NLRB Rules Changes Could Tilt Balance of Power
"The unions' approach is to surprise the employers with a petition and have the elections in a few weeks before the employer has had a chance to react," he says. "With quicker elections it is easier to get a group of employees revved up about an emotional issue and have an election in two or three weeks. The employers disadvantage is about communicating the rest of the story."
If the proposed rules are approved, Trivisonno says, employers must be even more vigilant and proactive about communicating their arguments against unionization to employees, even doing so ahead of any organizing effort. If you wait until you get a notice of election, it's probably already too late.
"The way that employers prepare for organizing drives and the way they conduct counter union organizing campaign is going to be very different under these regulations," Trivisonno says. "If you have a large acute-care facility, to get a letter drafted, approved, run through legal, operations and public relations sometimes can take a week. You may have nurses who only work once or twice a week. How do you communicate with these people?
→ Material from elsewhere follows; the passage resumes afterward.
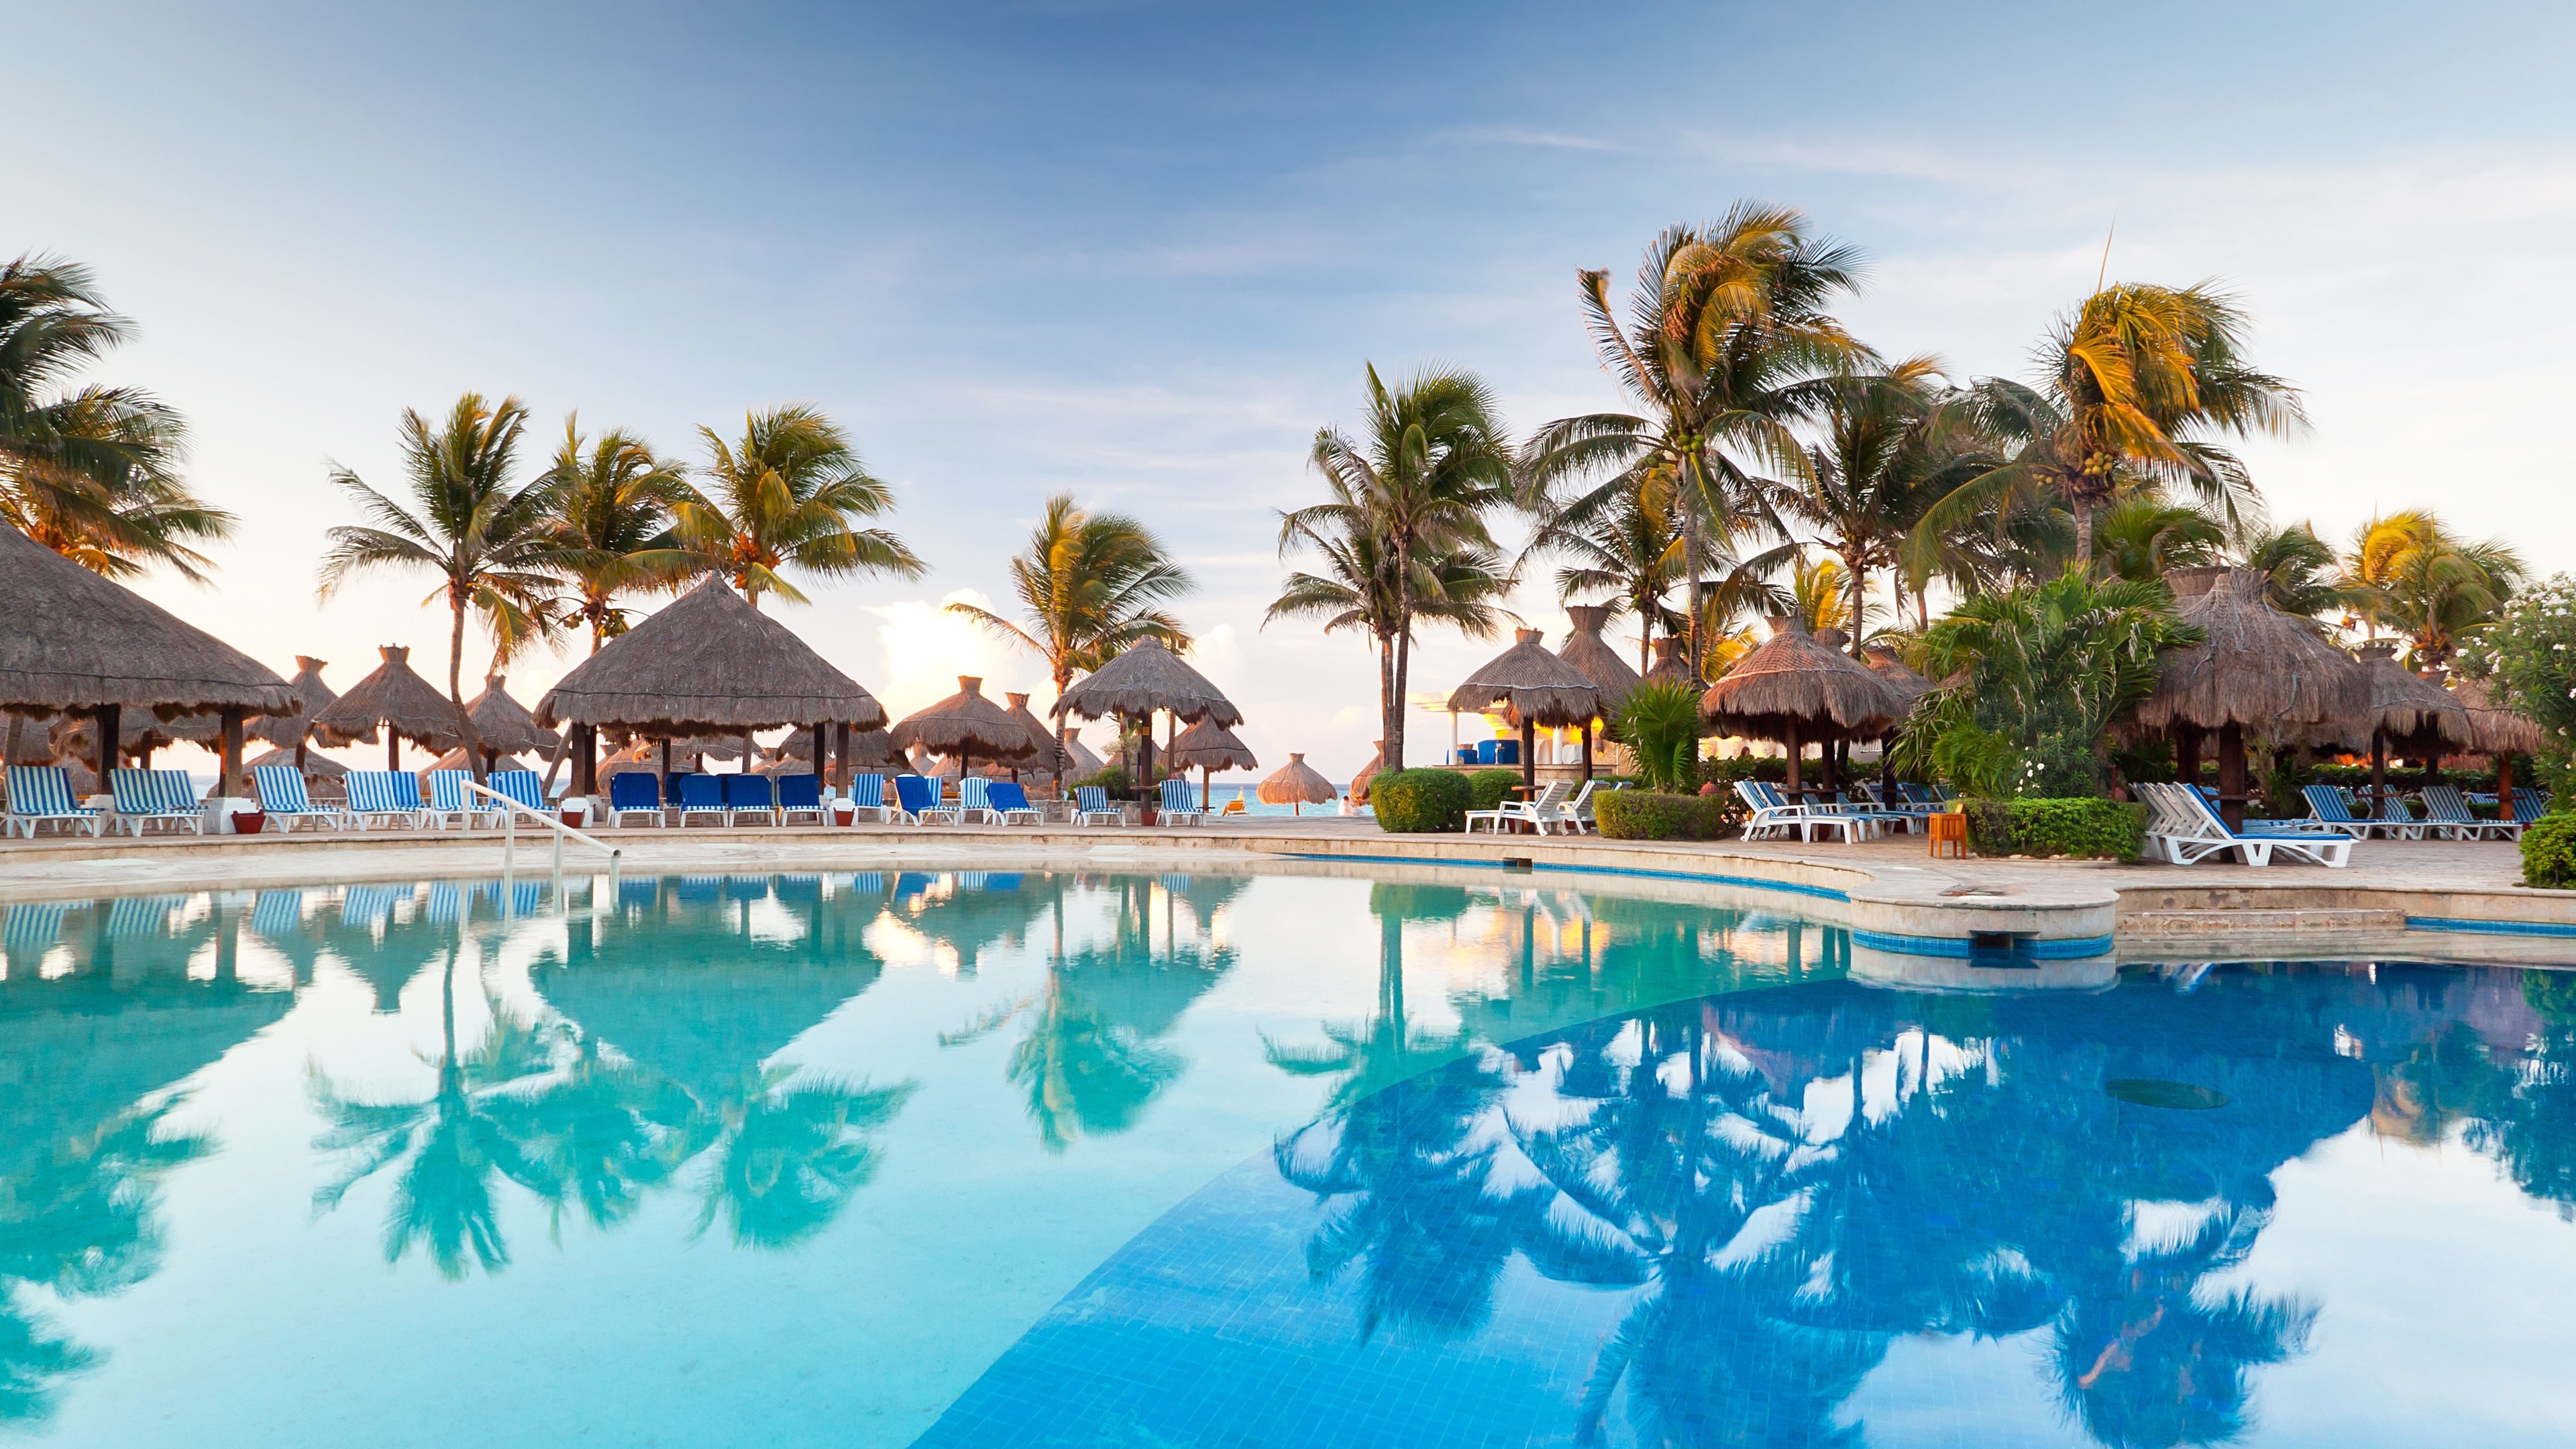 resort, photography, holiday, palm tree, reflection, tropics

The unions can make claims that don't have to be accurate and the employer has to correct them."
"So, to the extent you can, you should have those documents done in advance and your positions thought out should you receive a petition," he says.
More and more, he says, social media, including Web sites, Facebook, Twitter, blogs, and employee intranet portals are going to play a critical role in getting the message out. "The unions are well ahead of most employers on that, way ahead, because that is where the battle is going to be fought down the road," Trivisonno says. "National Nurses United and Service Employees International Union have been out front on that for years, but a lot of employers, a lot of consultants, don't get it yet."